Elminda monitors brainwaves to determine the right medication for patients – and not just for depression. “We share a lot of information with them,” Taliaz adds. “We hope in the future we’ll be able to work together on some projects.”

Like Elminda, Predictix is being adapted to work with other brain disorders. One of the grants Taliaz received from the IIA, for example, is earmarked for analyzing data from ADHD patients in order to make more accurate prescriptions.

“It’s still very early stages,” Taliaz says, “but the nice thing about using technology like artificial intelligence is that things that used to take years to research can now take months.”

Given Israel’s leadership in cannabis research, will marijuana-based medications become part of what Predictix suggests to psychiatrists? “Cannabis will enter this field along the way,” Taliaz says. “We’re interested in everything concerning the brain.”

 

Dealing with data

His interest in the interplay between neuroscience and medication stems from a post-army trip to South America.

“I saw Israelis trying all kinds of different substances and it intrigued me,” he says. “How is it that these chemicals can make such a big change in the way we think, in our personalities?”

When Taliaz returned from South America, he enrolled at the Weizmann Institute where he received his PhD in neuroscience. He did postdoctoral studies at Children’s Hospital in Canada before returning to Israel to cofound his company.

Taliaz says he’s aware that some people might be concerned that sharing their personal psychiatric data online could pose a privacy risk. “We decided from the beginning to follow the same compliance tools the large health services are using. We’re compliant with the European GDPR rules.”
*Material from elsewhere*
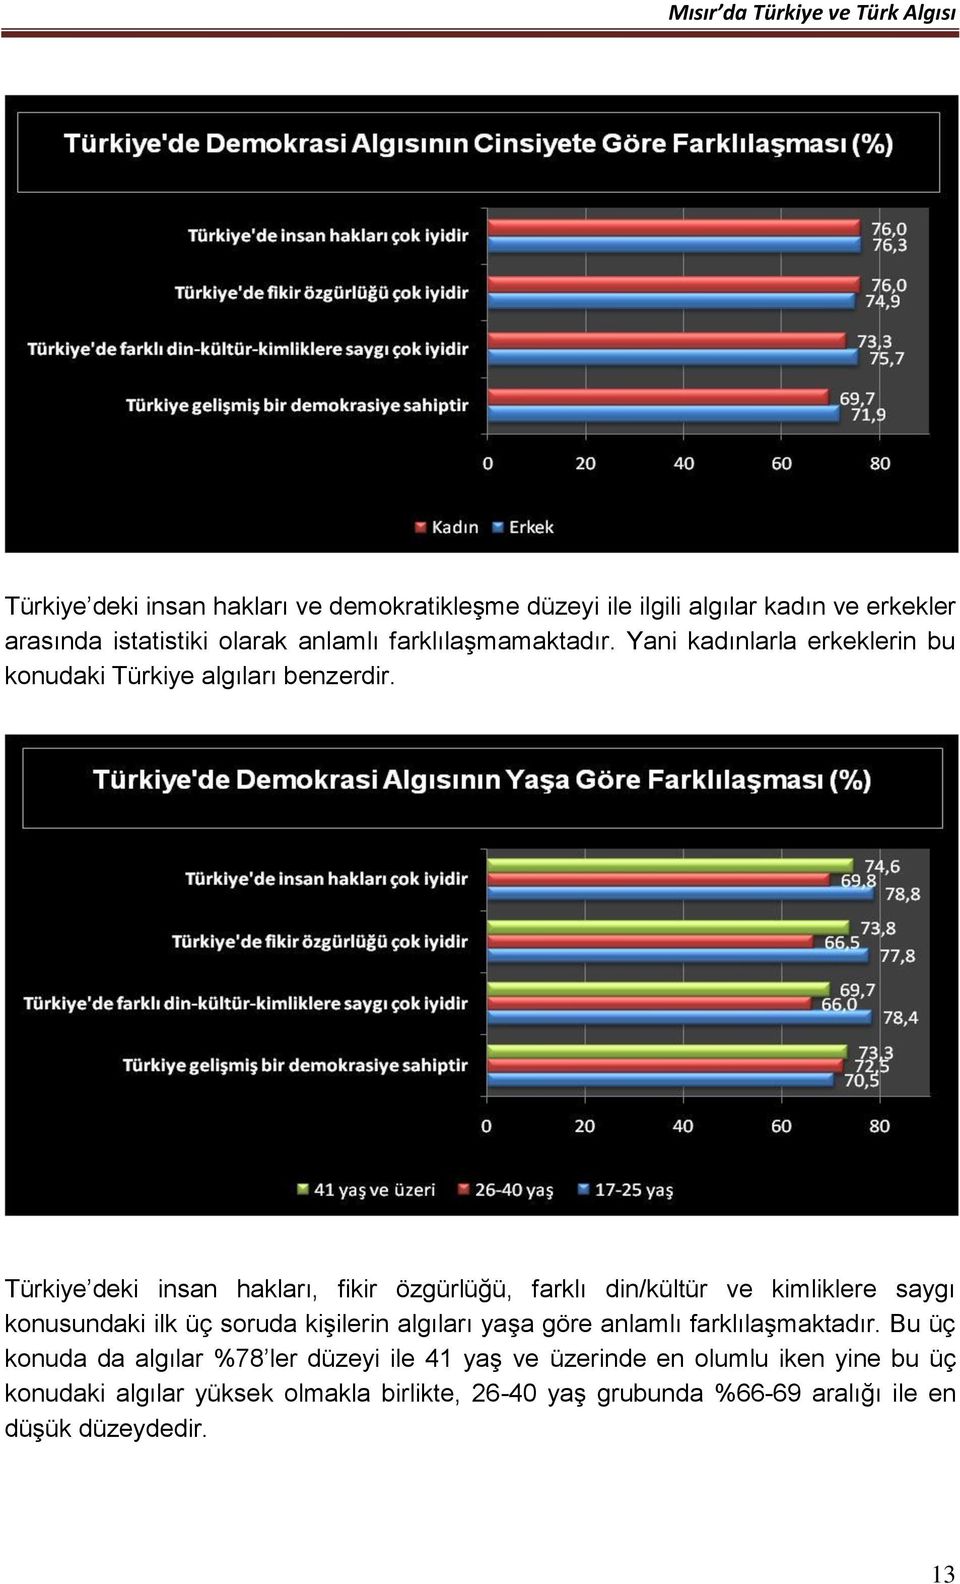 Türkiye deki insan hakları, fikir özgürlüğü, farklı din/kültür ve kimliklere saygı konusundaki ilk üç soruda kişilerin algıları yaşa göre

Predictix is coming at a time when the increase in scientific knowledge is fast outstripping physicians’ abilities to process the new information. The Israeli government in 2018 established a nearly $300 million initiative to make anonymized data from Israel’s HMOs available to researchers, entrepreneurs and medical institutions.
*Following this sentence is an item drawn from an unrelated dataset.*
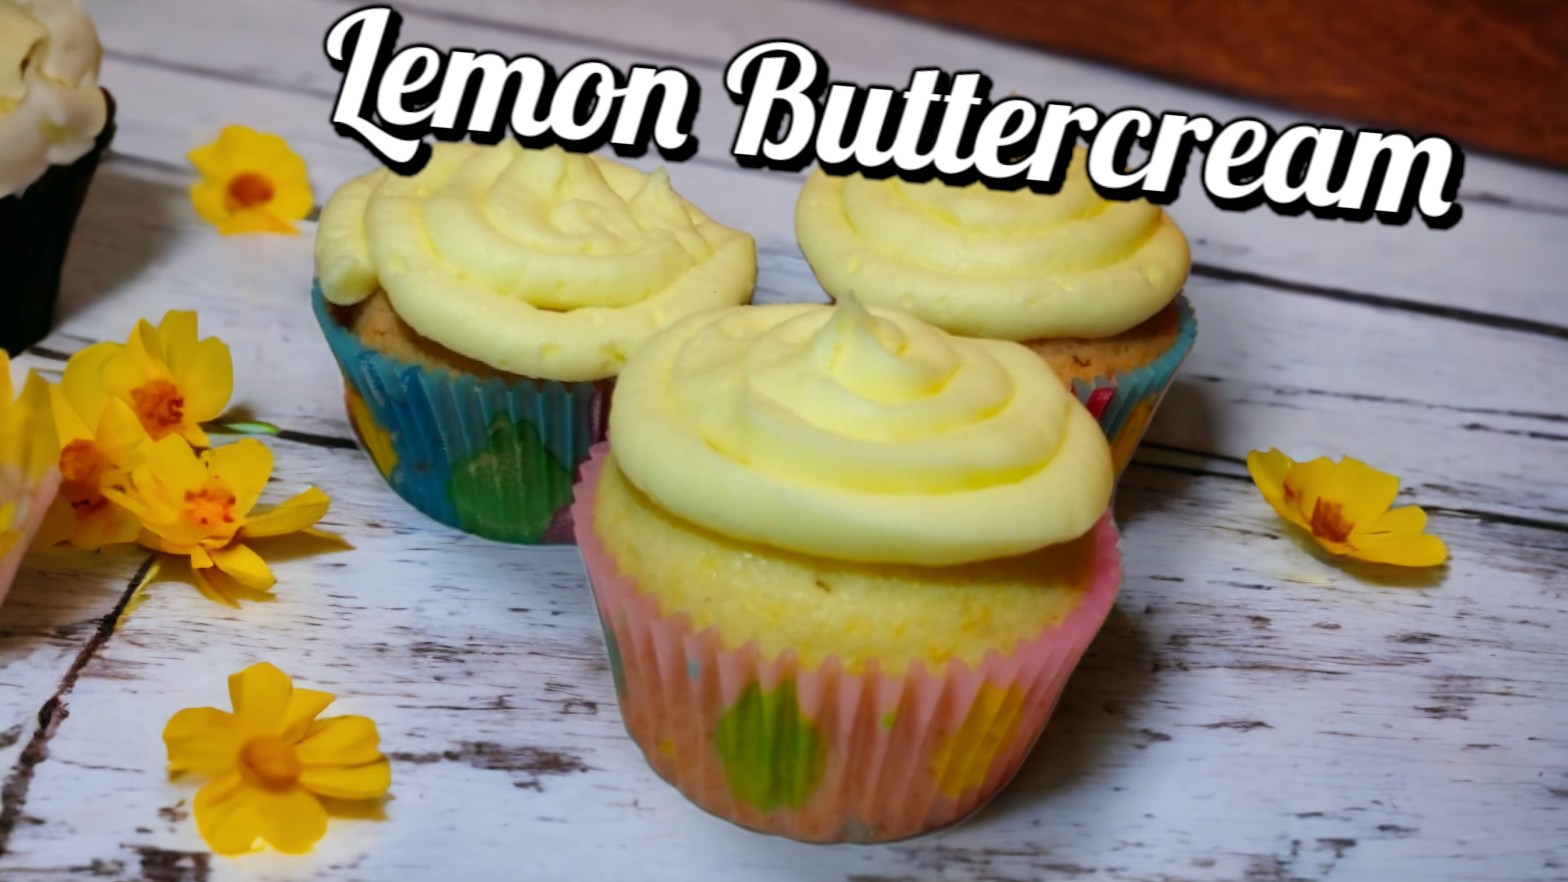 How to Make Lemon Buttercream

“When you think about next-generation sequencing technology that will allow you to ‘speak’ with the whole human genome, it leads to a huge accumulation of data,” Taliaz says.

“How can a doctor deal with this huge amount of data? That’s why my brother Oren and I founded this company. We saw the need for scientific analytical tools to organize all this data and provide doctors with action items they can use.”